Siendo, además, rubio, no se ve en él ni una señal de bigote o de barba, sino sólo el color rosado
de las mejillas lisas, el rojo de los labios y la luz risueña de su hermosa sonrisa y mirada pura, no
tanto por su color de turquesa oscuro cuanto por la limpieza de su alma virgen que en ella puede
verse. La cabellera, castaña clara, larga y suave, va flotando en el aire al ritmo de su paso, que es
tan veloz que parece que corriera. Llama cuando está para saltar un seto: “¡Maestro!”. Jesús se
detiene y se vuelve con una sonrisa. Juan: “Maestro, te he buscado tanto… Me dijeron en la casa
que te hospedas que habías salido en dirección de la campiña… Pero no exactamente a dónde. Y
tenía miedo de no hallarte”. Juan habla levemente inclinado, por respeto. Y, no obstante, su
actitud y su mirada, que dirige a Jesús, es claramente de confianza. Jesús: “He visto que me
buscabas y he venido hacia ti”. Juan: “¿Me has visto? ¿Dónde estabas, Maestro?”. Jesús: “Allí” y
Jesús señala un grupo de árboles lejanos que, por el color del ramaje, yo diría que son olivos. “Allí
estaba. Oraba y pensaba en lo que diré esta tarde en la sinagoga. Pero en cuanto te vi lo dejé
todo”. Juan: “¿Pero cómo has podido verme si yo apenas puedo distinguir ese lugar, escondido
detrás de aquel promontorio?”. Jesús: “Y, sin embargo, ya ves que he salido a tu encuentro porque
te he visto. Lo que los ojos no logran, lo logra el amor”. ■ Juan: “Así es, el amor lo hace. ¿Entonces,
me amas, Maestro?”. Jesús: “Y tú, ¿me amas, Juan, hijo de Zebedeo?”. Juan: “Mucho, Maestro.
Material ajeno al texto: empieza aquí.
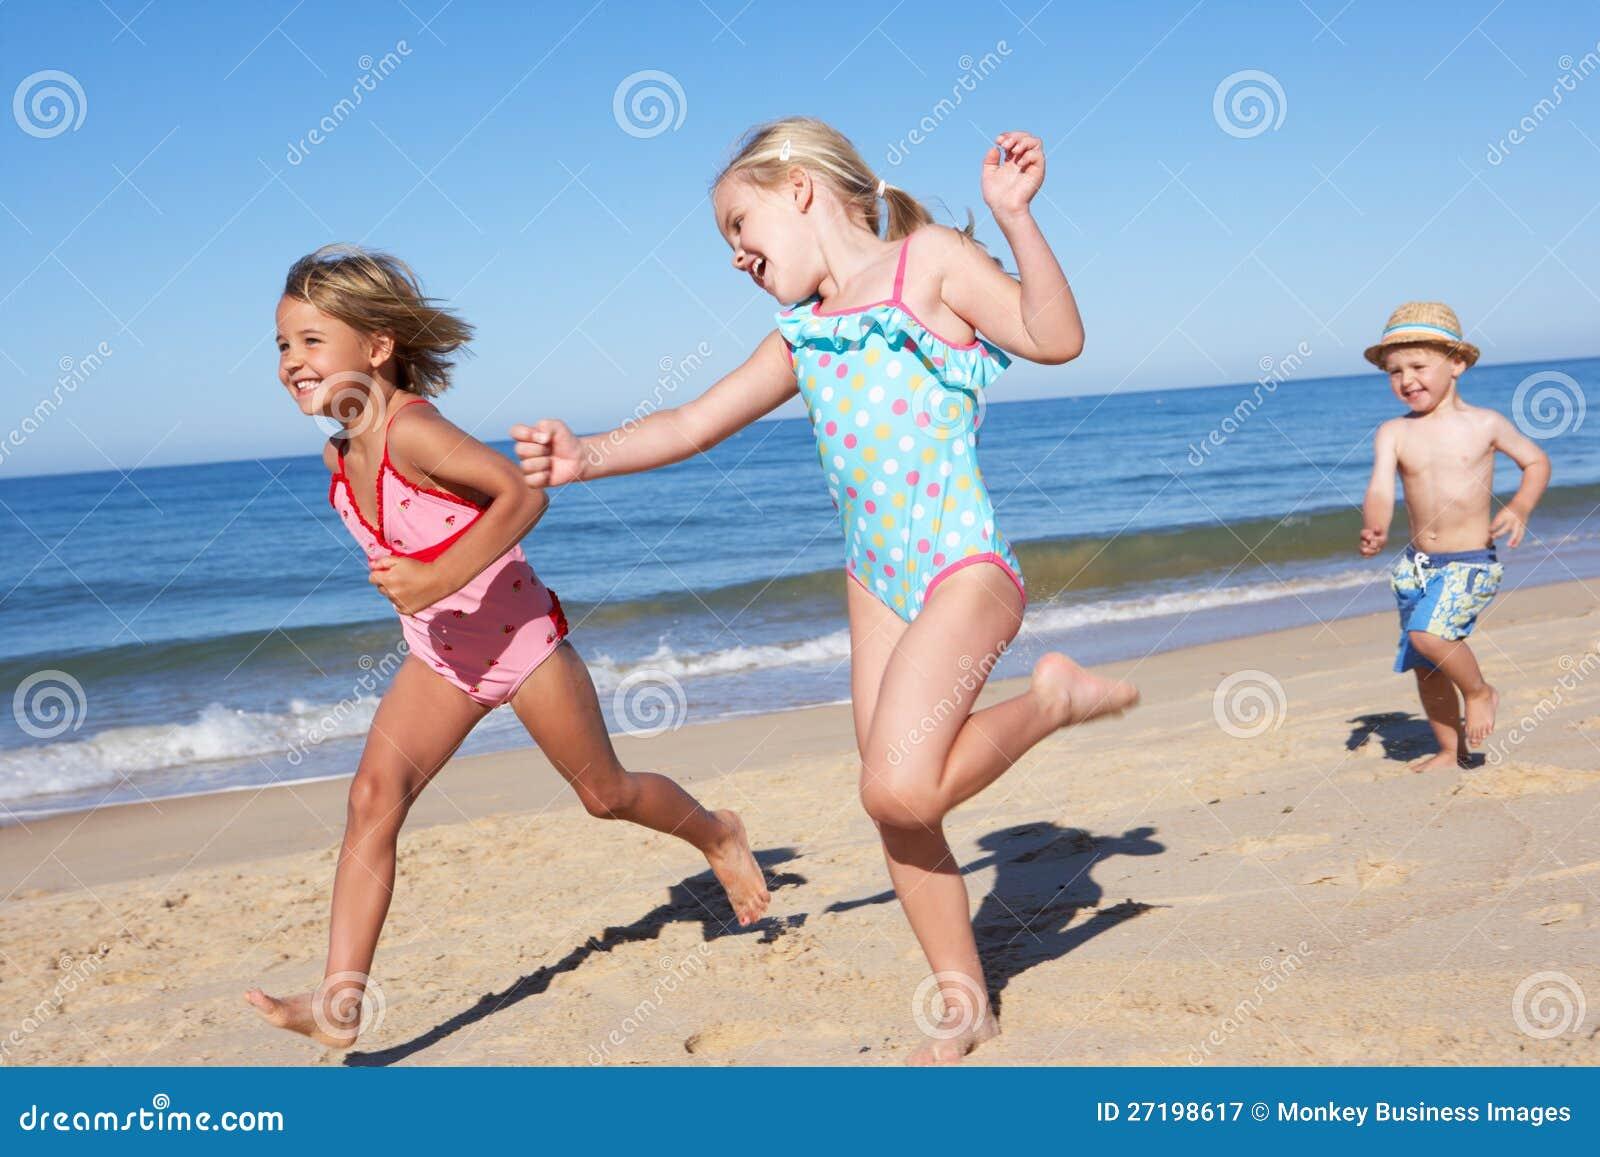 drei kinder die entlang strand laufen stockbild bild 27198617. Black Bedroom Furniture Sets. Home Design Ideas

Creo haberte amado siempre. Antes de haberte conocido, mucho antes, mi alma te buscaba y
cuando te vi me dije: «He aquí al que buscas». Yo creo que te he encontrado, porque así lo siente
mi alma”. Jesús: “Tú lo dices Juan y estás en lo justo. También Yo he venido hacia ti porque mi
alma te ha sentido. ¿Durante cuánto tiempo me amarás?”. Juan: “Siempre, Maestro. Ya no quiero
amar a otra cosa que no seas Tú”. Jesús: “Tienes padre, madre, hermanos y hermanas; tienes la
vida, y, con la vida, la mujer y el amor. ¿Serás capaz de dejar todo eso por Mí?”. Juan: “Maestro…
no lo sé… pero me parece, si no es soberbia el decirlo, que tu amor ocupará en mí el lugar de
padre, madre, hermanos y hermanas y aún el de mujer. Estaré satisfecho, completamente
satisfecho, si Tú me amas”. Jesús: “¿Si mi amor te causare dolores y persecuciones?”. Juan: “No
serán nada si Tú me amas”. Jesús: “¿Y el día en que debiese morir…?”. Juan: “No. Eres joven,
Maestro… ¿Por qué morir?”. Jesús: “Porque el Mesías ha venido a predicar la Ley en su verdad y a
llevar a cabo la Redención. El mundo aborrece la Ley y no quiere redención. Por esto persigue a los
enviados de Dios”. Juan: “¡Oh, que esto no suceda! ¡No des este anuncio de muerte a quien te
ama!… Pero aunque tuvieras que morir, yo te seguiría amando. ■ ¡Permíteme que te ame!”. Juan
tiene una mirada suplicante. Mucho más inclinado que antes, camina al lado de Jesús, parece
como si le mendigara amor. Jesús se detiene. Le mira, le atraviesa con la mirada de sus profundos
ojos, y, poniéndole la mano sobre su cabeza inclinada, le dice: “Quiero que tú me ames”. Juan está
feliz y exclama: “¡Oh Maestro!”. Por más que en su pupila brille una lágrima, ríe con esa boca suya
bien formada; toma la mano divina, la besa en el dorso y la aprieta sobre su corazón.